I have a few merits.
Besides having beaten well over 100 video games over the course of my life (personal bragging right, just want to see how many I can beat before an end comes; be it, end of the world or an untimely end of my life, God forbid.) I've been an intuitive gamer since I was 2. I was even able to pick up and play games before my brothers have finished reading the manuals, and already made plenty of progress in a new game.
To this day, I'm still able to pick up on things pretty damn quick to the point that my brothers sometimes actively seek games I might suck at, just so they can have a fighting chance against me. Mind you, they're pretty skilled players, and have, at one time or another, regularly beaten me to a pulp in some games; that is, until I reverse engineer their tactics (like with Magicka and the death glacier move I kept on getting dominated by until I learned it and fired back, I caught up), kinematically trace a sniper shot (after I get popped or hear a whizzing noise, I immediately figure out within moments where it came from and make that spot no longer safe), or stumble across a nuke and find a good time to use it (me + redeemers/BFG9k = Utter Doom). It also gets so bad, there have to be rules set against me to even the odds (like no BFG use for me).
I've also taken time to designing quite a few weapons/ships/etc. to more practical measures, and then making them look stylish. Some accidentally fall into the Awesome, But Impractical range (Bladeships, for example. Ship hulls are designed around bladed weapon for literal aerial melee combat, and guns/missiles are secondary to their design
Example - Sai Multirole Zipcraft.), and others Awesome, Yet Practical (Imagine an airship with thrust-vectoring, an energy beam weapon, and the capability of doing hairpin turns in mid-air (while firing said beam weapon), as well as supply enough crew to pilot a wing of defensive and supply craft along with manning all the gun batteries (hidden as part of the hull for design aesthetic and surprise attack/defense), supporting a dual-bridge for redundant control in case one gets disabled or destroyed as a weak point, carries an internal ballast system to support it's many types of maneuvers and is aerodynamic enough remain intact while doing a barrel roll or corkscrew maneuver to take out it's targets. You can barnstorm with this thing, despite it's size being comparable to a battleship. I think I also made it capable of going sub-orbital (for really fast global transit with minimal fuel cost from point-A to generally point-B (within a few miles accuracy)). It's insane (or OP) enough for me to label it as worthy of Flagship status.
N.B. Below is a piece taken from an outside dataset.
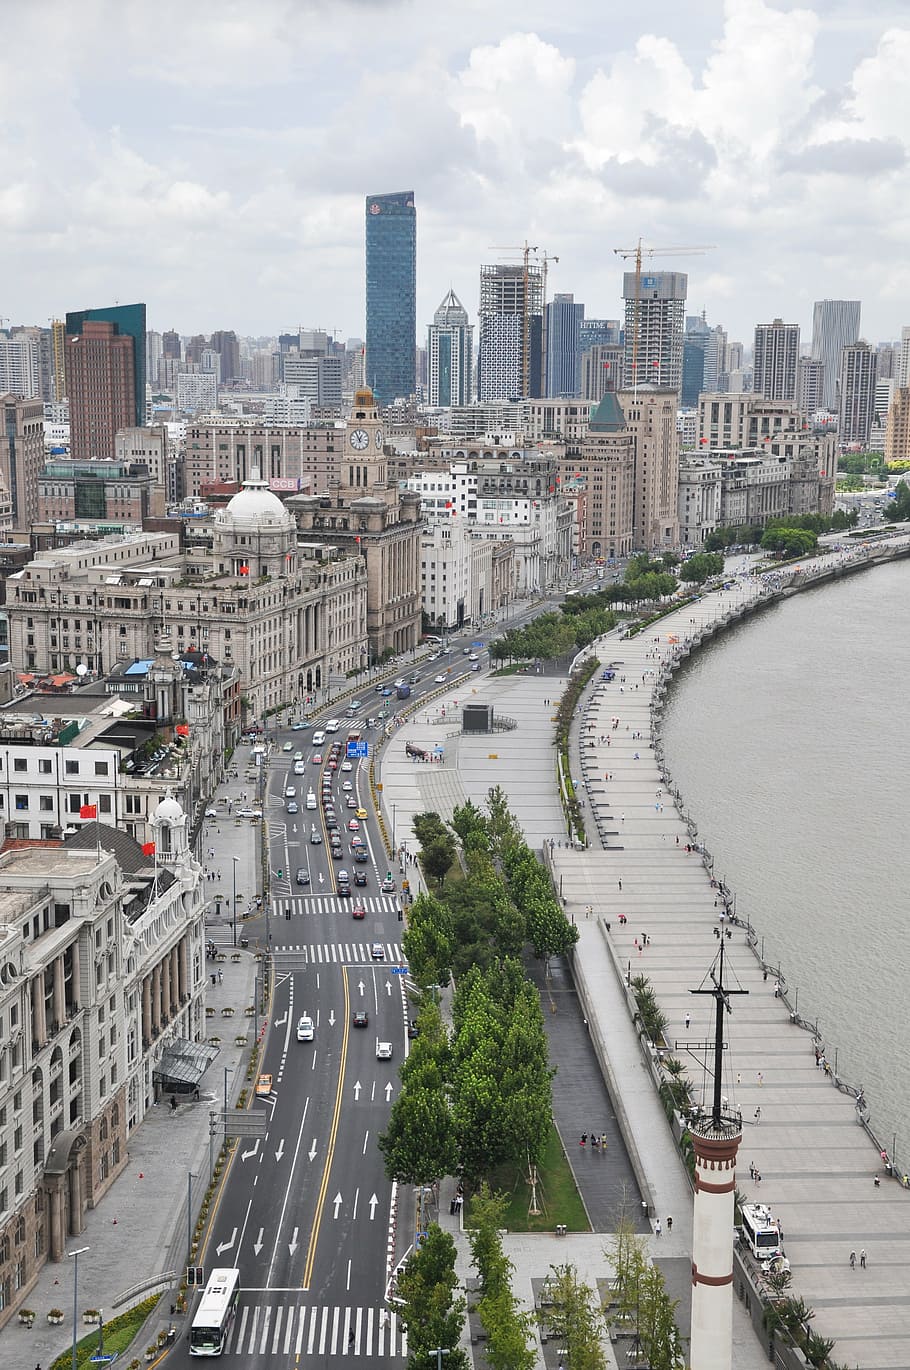 shanghai, langit, bangunan, jalan, bund, pemandangan, gedung-gedung tinggi, sungai huangpu, cityscape, Scene urban
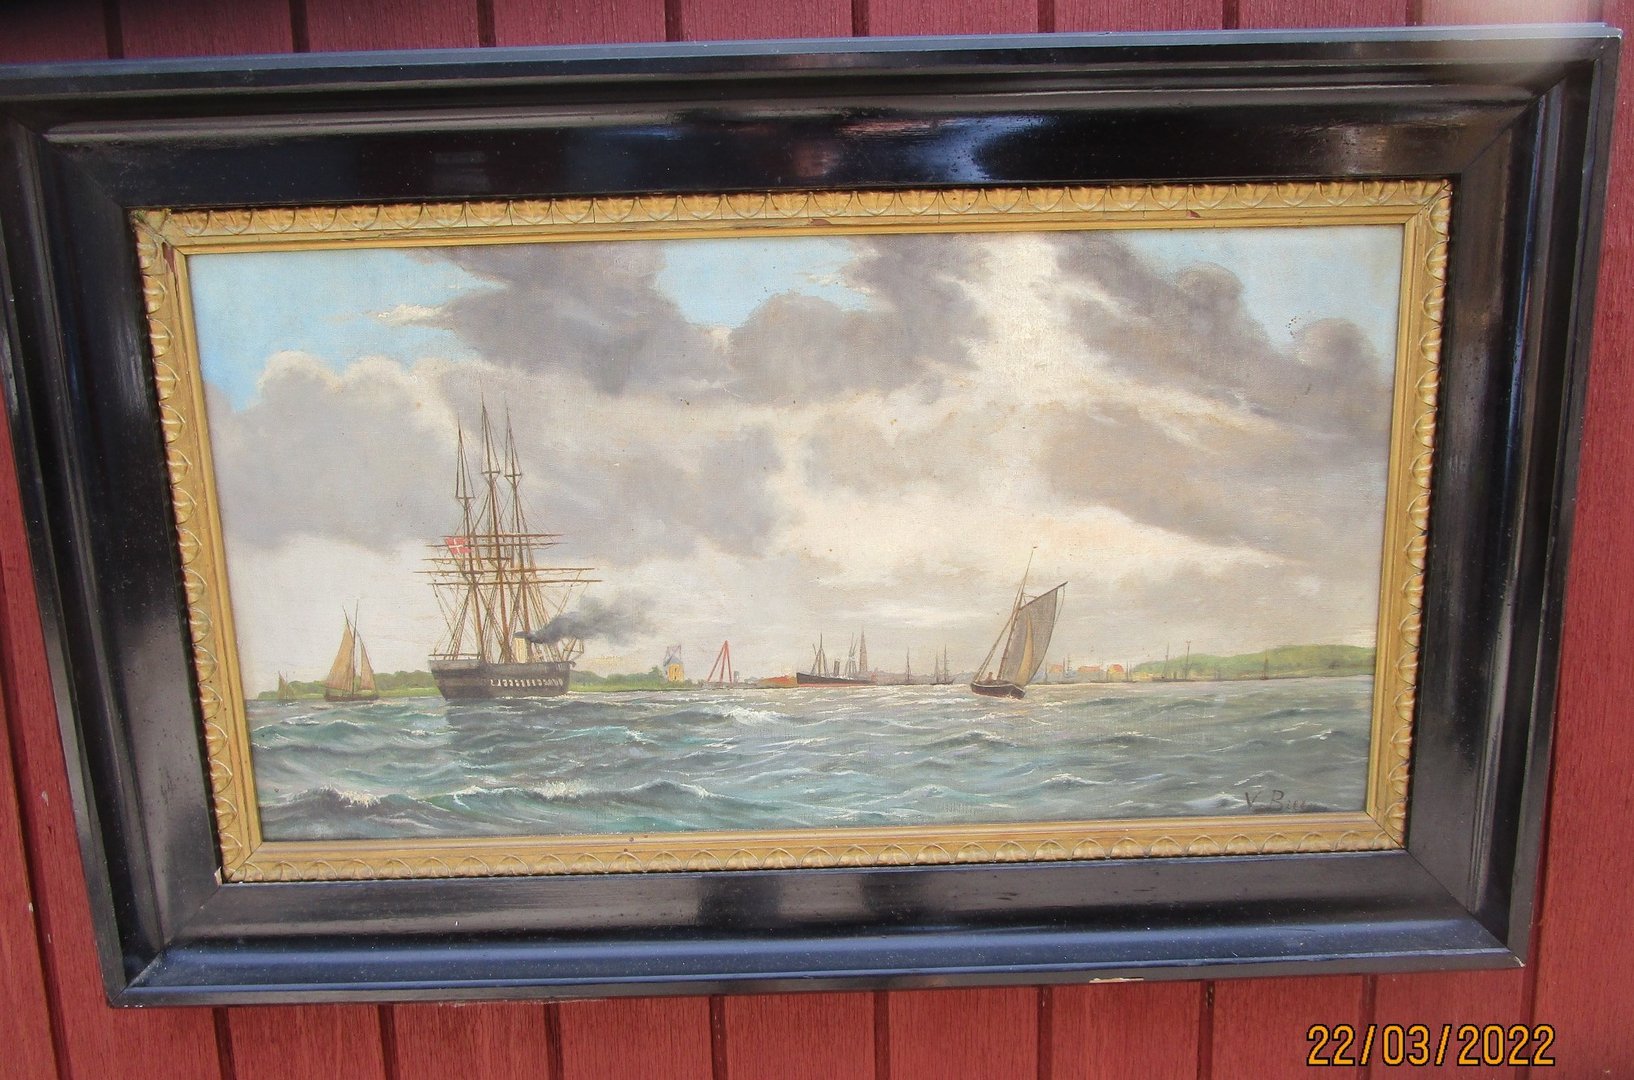 Maleri af Vilhelm Bille, olie på lærred

Yes, I even took it upon myself to design my own font in the process like that. It looked cool, but got too difficult to read for others.
EDIT:
I also regularly use Microsoft Excel to make all sorts of things, either to make certain tasks, like accounting (Finance tracker, hourly income tracker + tax tracking, Freelance Business Invoicing; all self-produced, and more effective/efficient than purchasable software), easier; to build trivial calculators and such (hypothetical situations, logic puzzles, or inane trivial stuff like the human age of a car based on the miles put on it (I get bored)); or to chart the efficiency of certain tactics in TBS (like Civilization) or RTS games (like AOE2) by listing the time it takes to produce a unit, and with modifiers to speed it up, along with constructing buildings and with modifiers (depending also on how many units are dedicated to building at a time or overall), and the estimated overall cost of such tasks. Deadly stuff when used correctly.
Sometimes, if I have a self-imposed challenge or a game-within-a-game for a game that's more free-form (like The Sims) or sandbox (like GTA); I also setup charts and scorecards and so forth to keep track of the stats or randomize tasks or whatever to keep it interesting. Or adapt other games that other people have established, set them as parameters, fill in a few blanks, and make the scoring that much easier to keep track of when playing, making them more fun than initially implied.
Those kinds of scorecards and such also make random games like sock golf (make a sock donut and get a cup and try and sink the shot using the house or yard as a golf course) more interesting because it tracks the score, and also you can allow modifiers/multipliers depending on certain other factors. That one Beer Pong like game that's sold in stores (that also features a deck of special shots to try out) got really fun when I allowed modifying certain trick shots with more difficulty (blind firing and such), and keeping track of those. Actually made the game even more fun in the long run.
EDIT EDIT:
I might eventually take up another attempt at the Airship Excalibur except in Blender this time (since I'm learning that). It's too awesome a project to work on to let go of.